> Provided data:

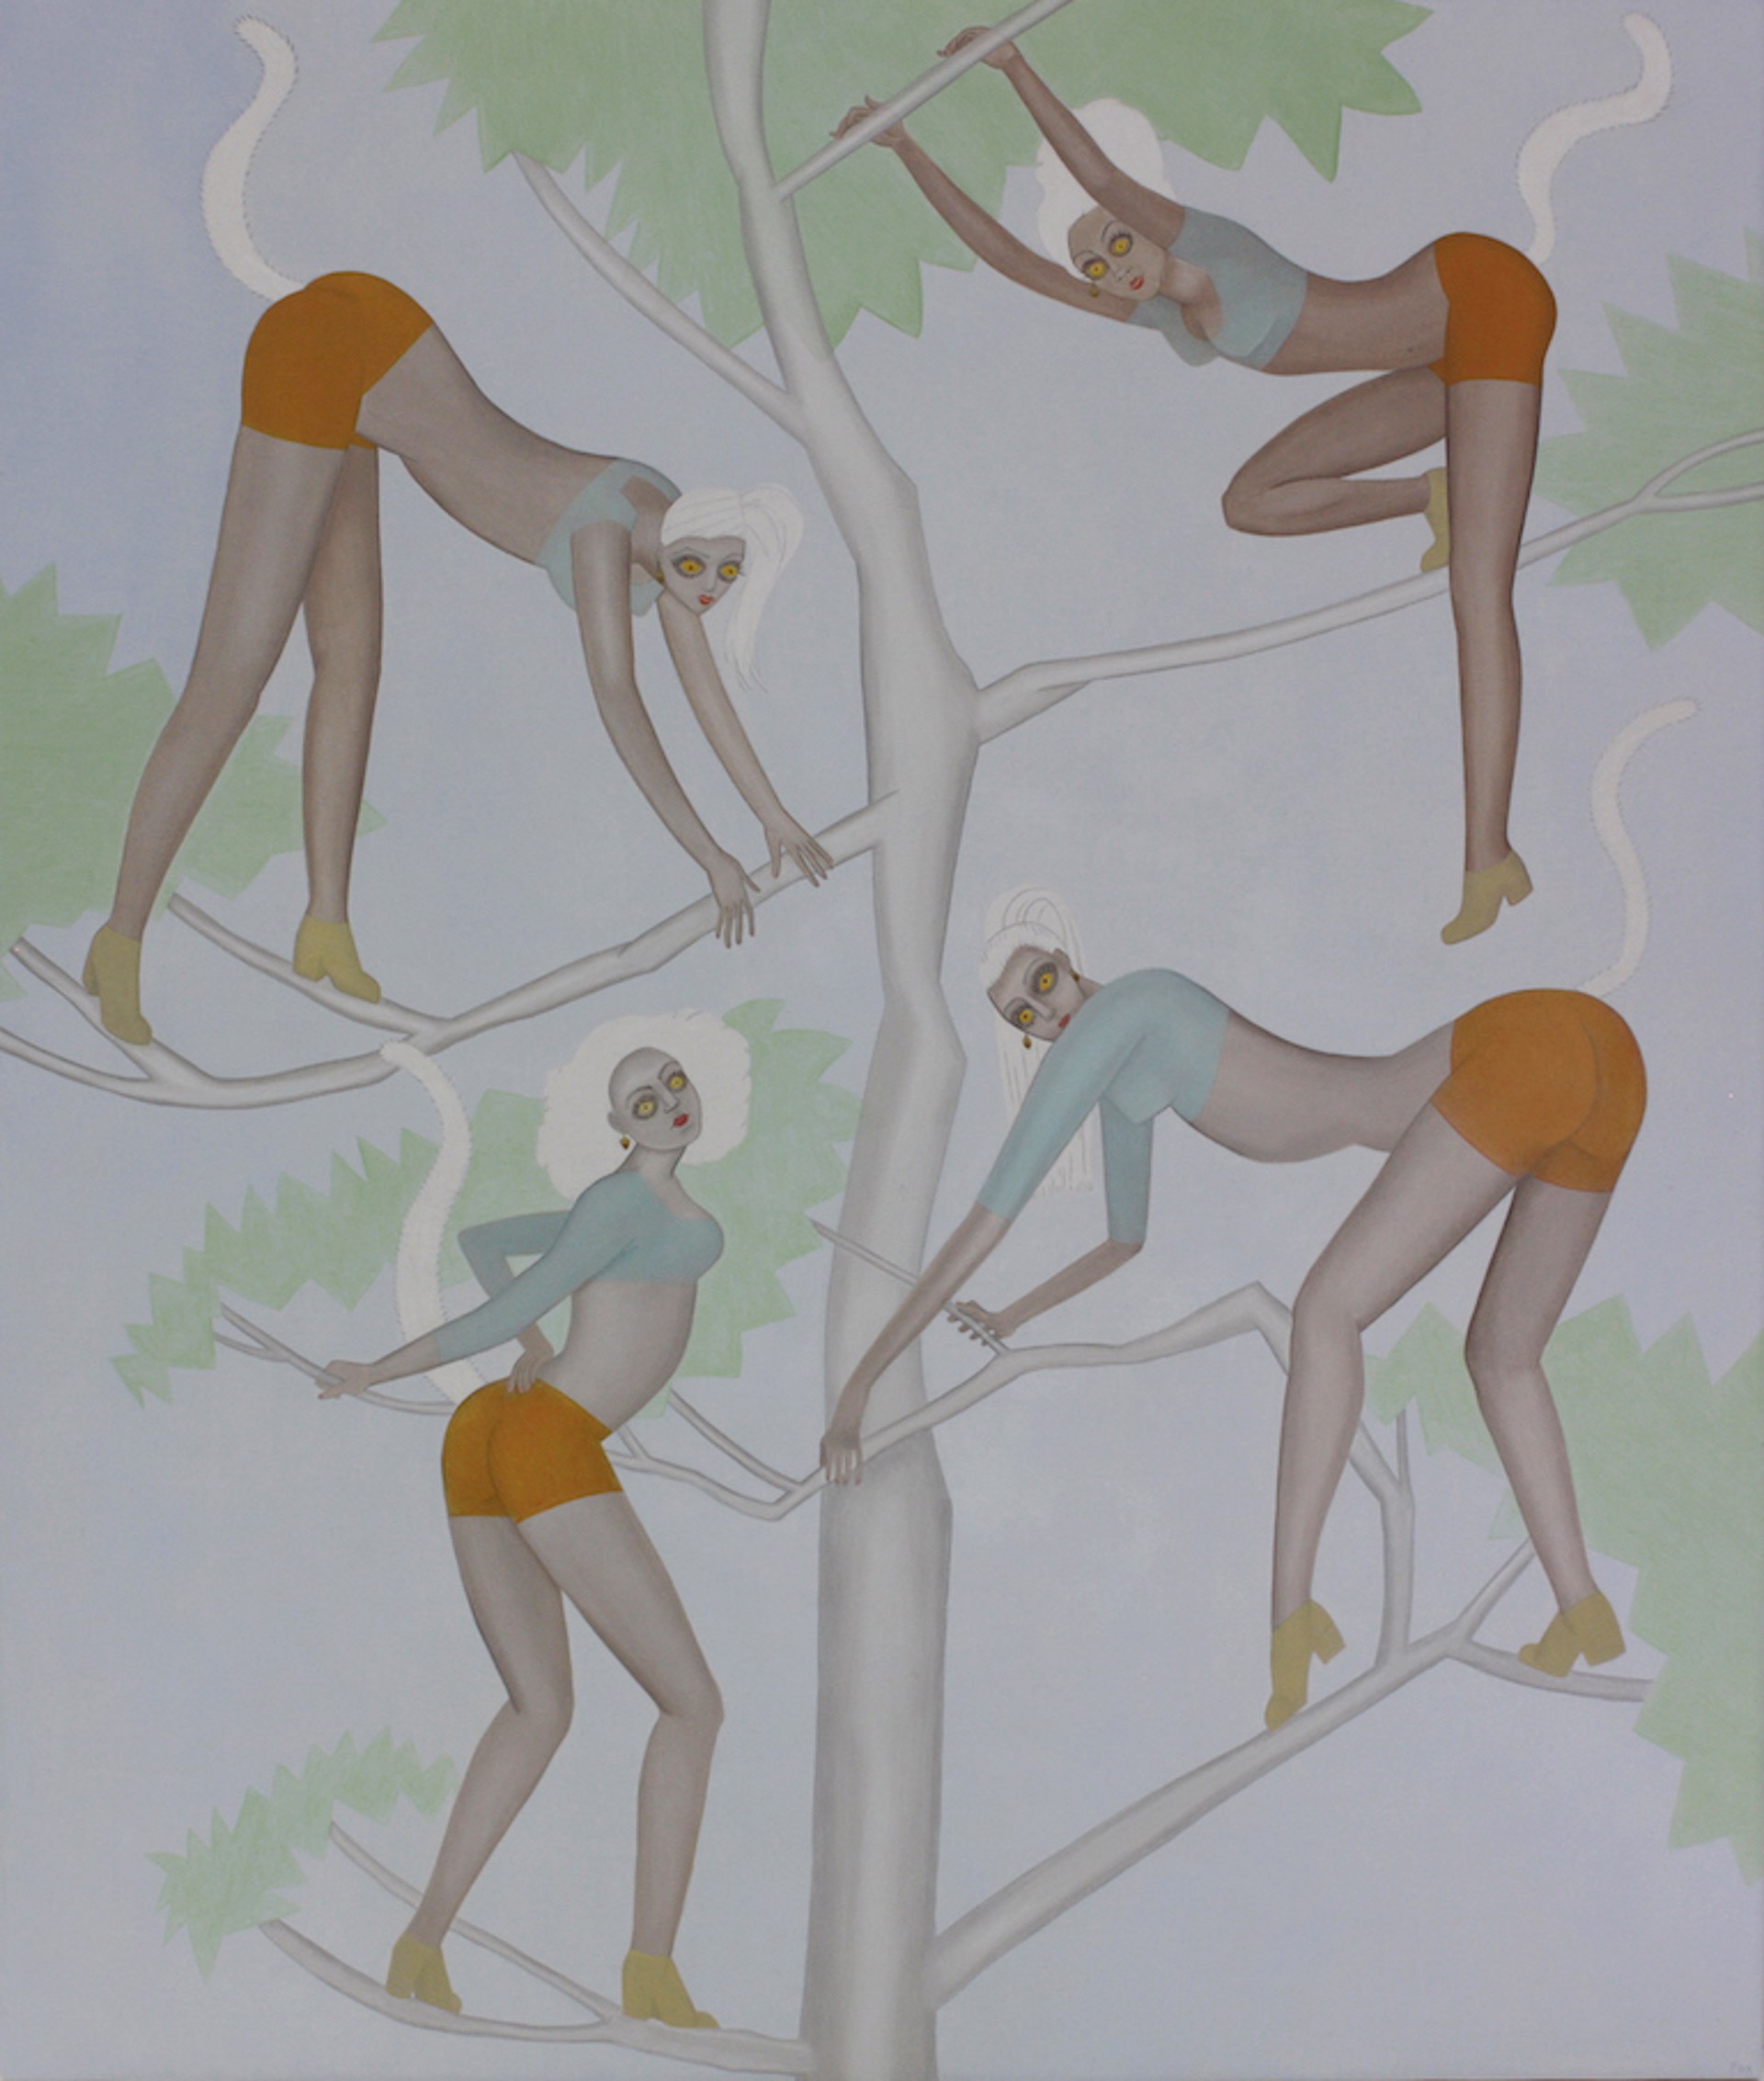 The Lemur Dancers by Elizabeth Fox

* * *

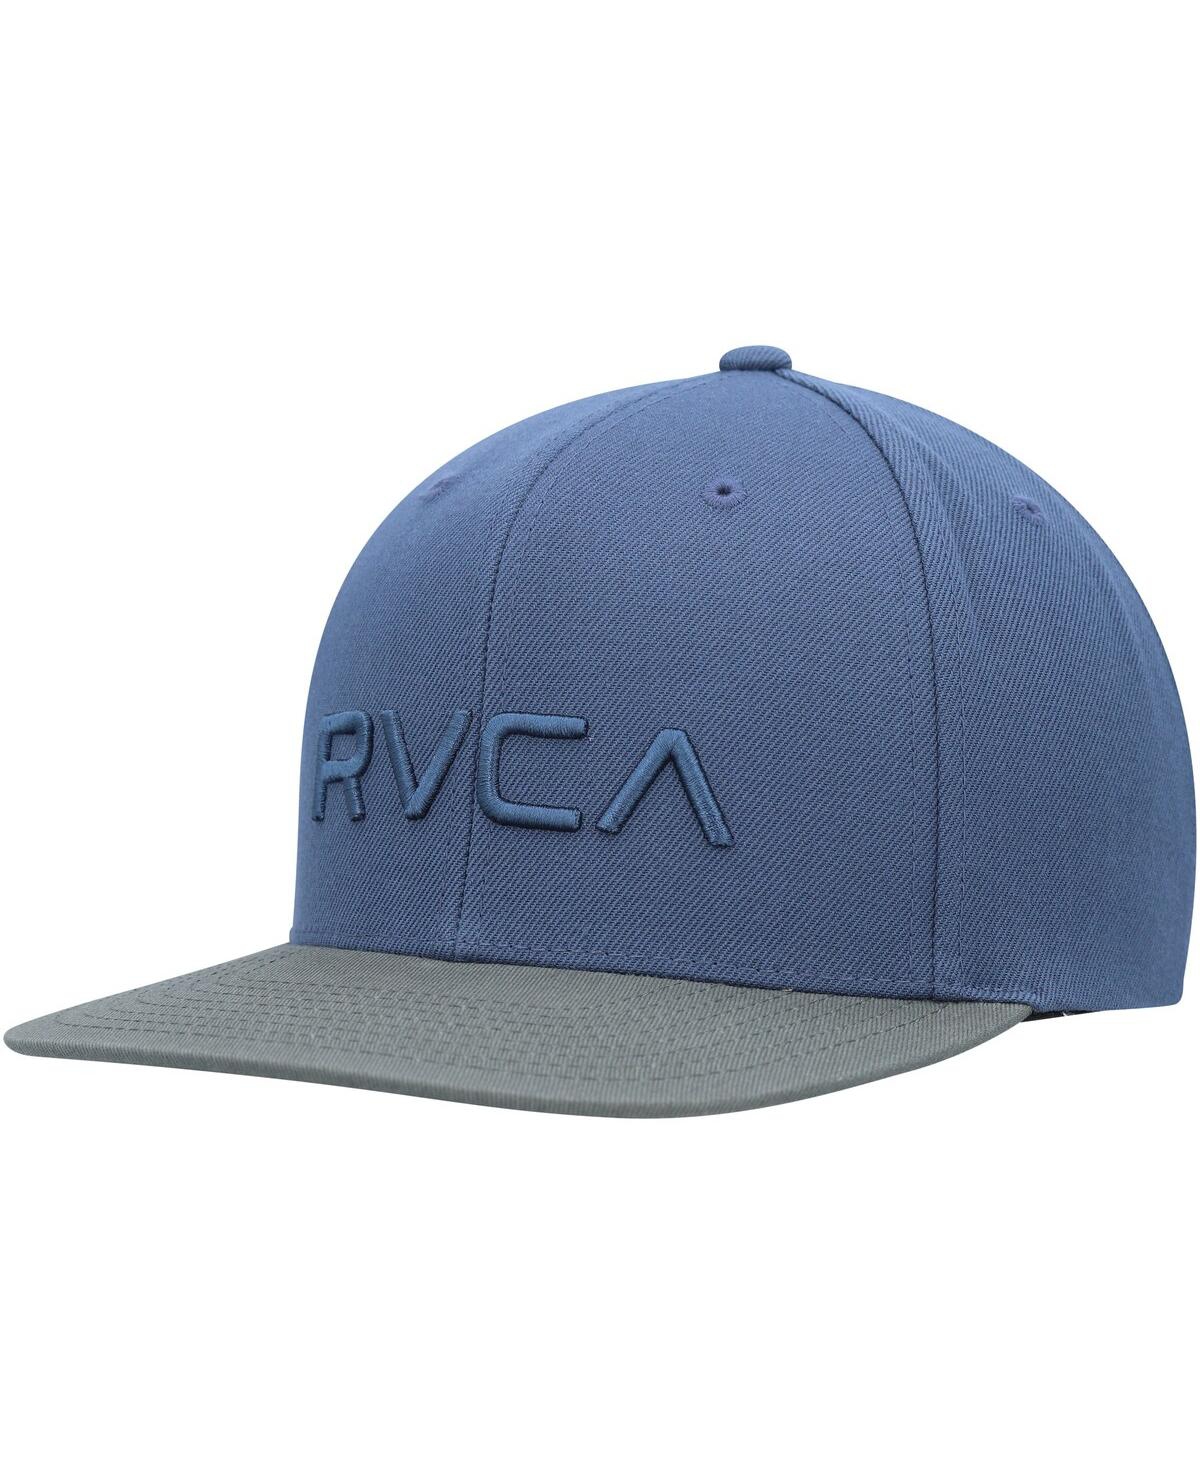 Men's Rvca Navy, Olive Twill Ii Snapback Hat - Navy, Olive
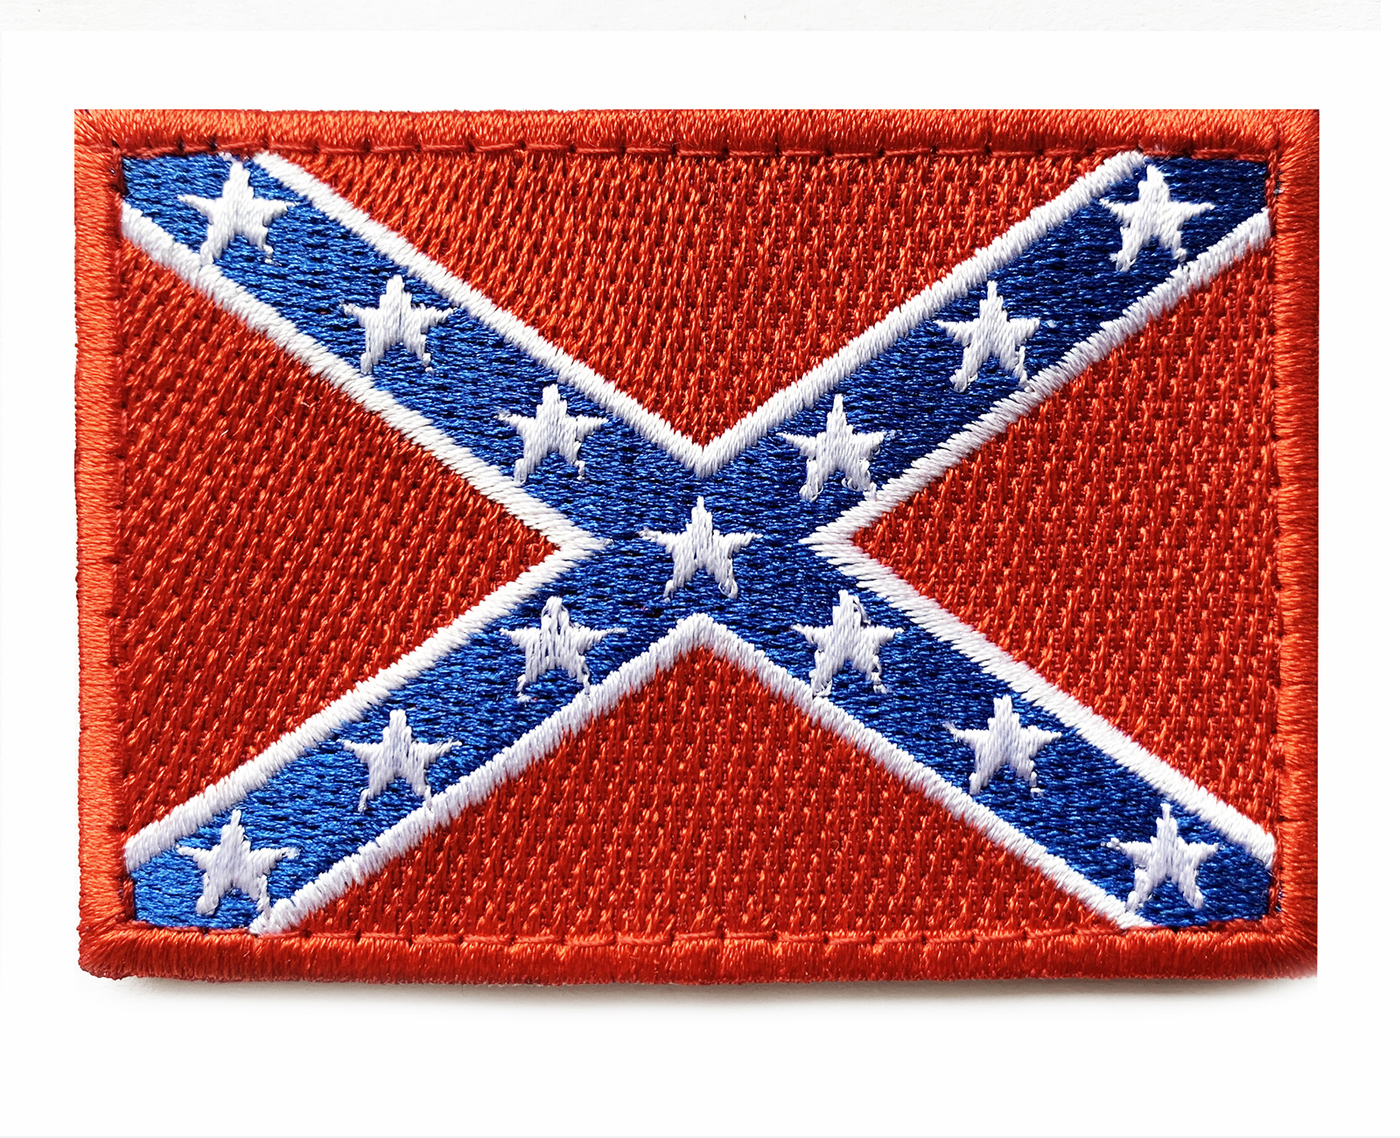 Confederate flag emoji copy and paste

> Task details: Within the material above, find the part that opens with the line containing "Men's Rvca Navy, Olive" and closes with the line containing "Confederate flag emoji copy and paste", and reproduce it exactly without the pictures.

> Solution to the exercise:
 Men's Rvca Navy, Olive Twill Ii Snapback Hat - Navy, Olive
 Confederate flag emoji copy and paste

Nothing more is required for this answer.